2. Here is the module containing function. It shows the error

Error: ‘p1’ and ‘p2’ for GENERIC ‘g’ at (1) are ambiguous

module genmod
    
    type:: gen
        real:: x,y
        contains
        
        generic :: g=>p1,p2
        procedure, pass :: p1, p2
    end type
    
    contains
    
    function p1(a)
        class(gen), intent(in):: a
        real                  :: p1
        p1=a%x**2+a%y**2
    end function
    
    function p2(a)
        class(gen), intent(in)::a
        integer               ::p2
        p2=a%x+a%y
    end function
    
end module genmod

The function type is different here; one is integer and the other is real. So I was expecting it to be working due to different data types. This raises the question, does it work only with different number of arguments in case of functions? For example, if I change the number of arguments - shown below, there is no compilation error !

    function p2(a,b)
        class(gen), intent(in)::a,b
        integer               ::p2
        p2=a%x+a%y
    end function

That’s expected. When you call the generic function, how can the compiler know which actual function you really want? The type of the result does not help, because a function result is evaluated on its own, independently of the expression where it appears.

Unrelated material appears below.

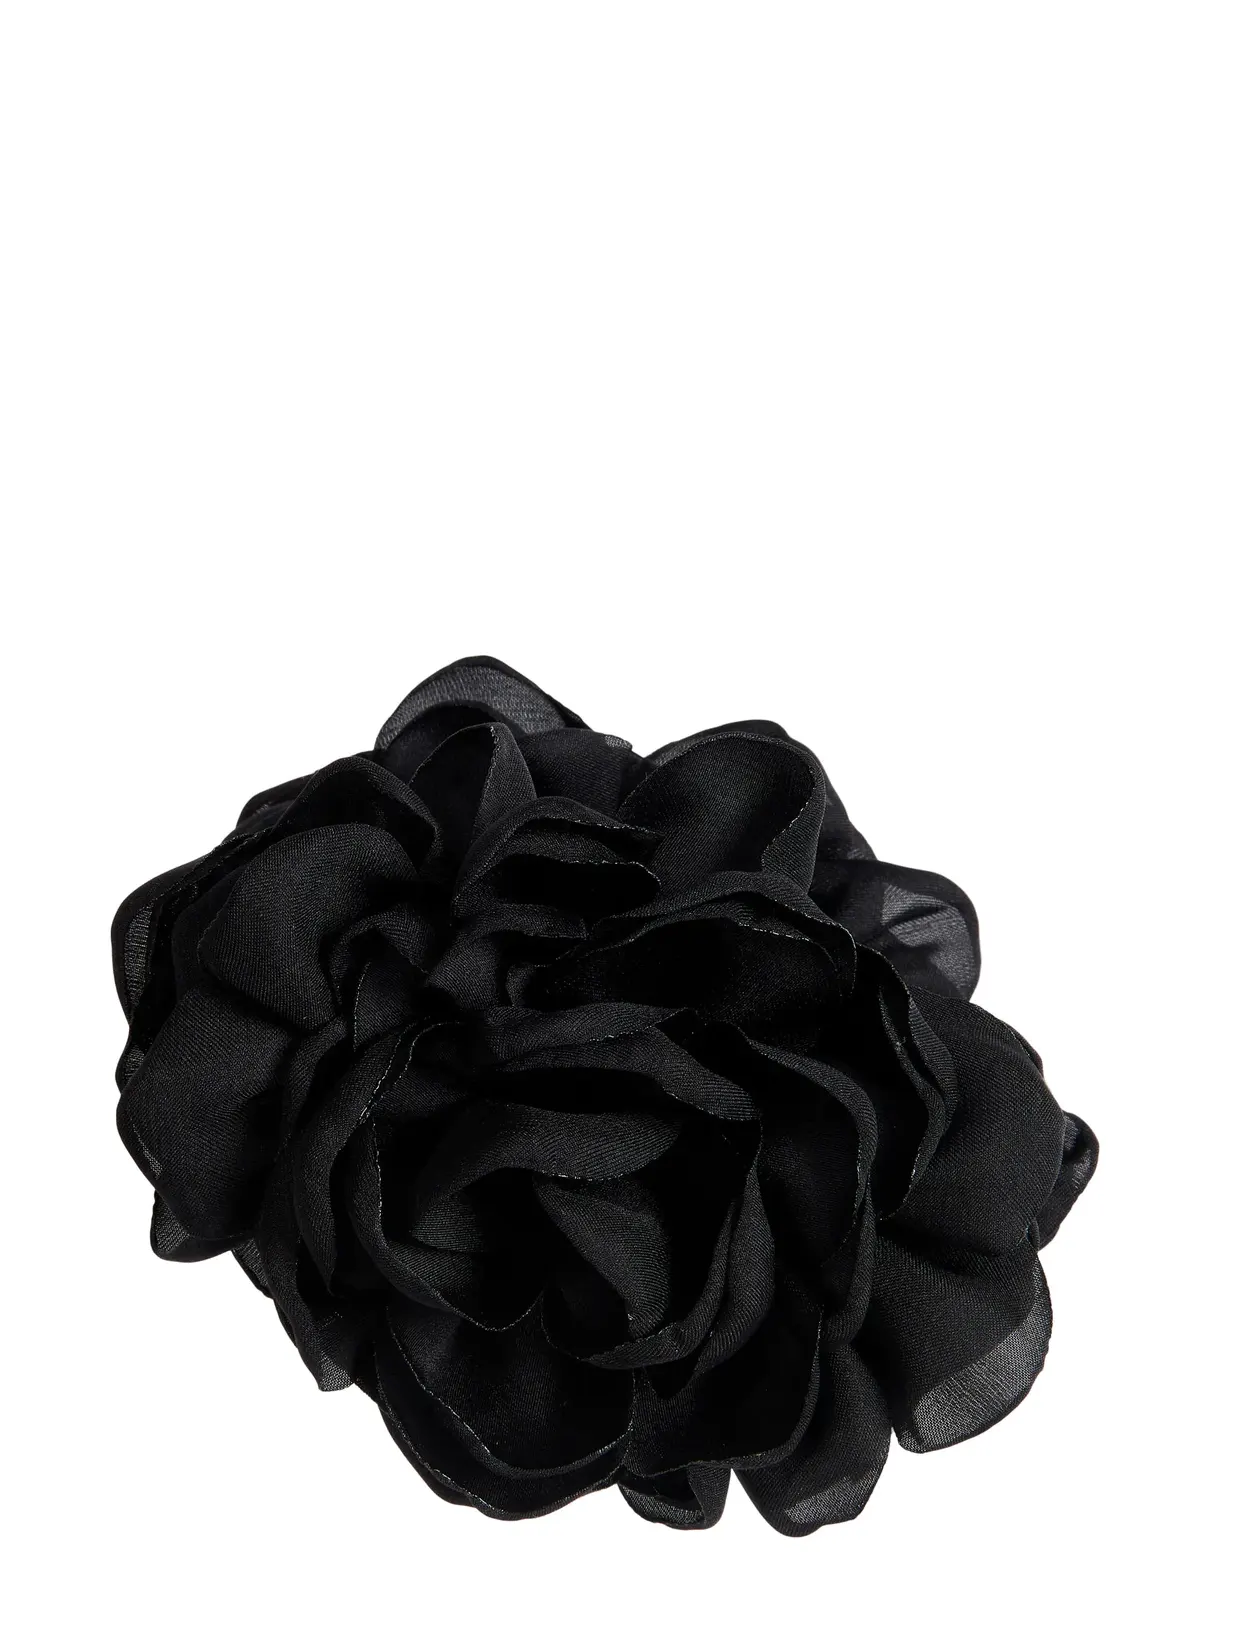 Flower claw, black

Some languages that offer overloading (and strong typing) also offer syntax to select a function based on the type of result, for example:

a = g(x)@Integer

Fortran does not.

If you allow me to hijack this thread, I have a related question. I am writing a module that wraps the NetCDF procedures to make them a little less verbose and I am stuck at the design of the read routine. What I would like to achieve is to have a single read routine that handles under the hood all the possible cases. And if I were designing this as a generic procedure, all would be simple and easy, write the routines for all the cases you need (in the following example, single and double precision for both one and two dimensional arrays), wrap them around an interface and everything is done. Moreover, if I understood correctly the procedure check is done at compile time so it should be as fast in execution as calling the actual procedure.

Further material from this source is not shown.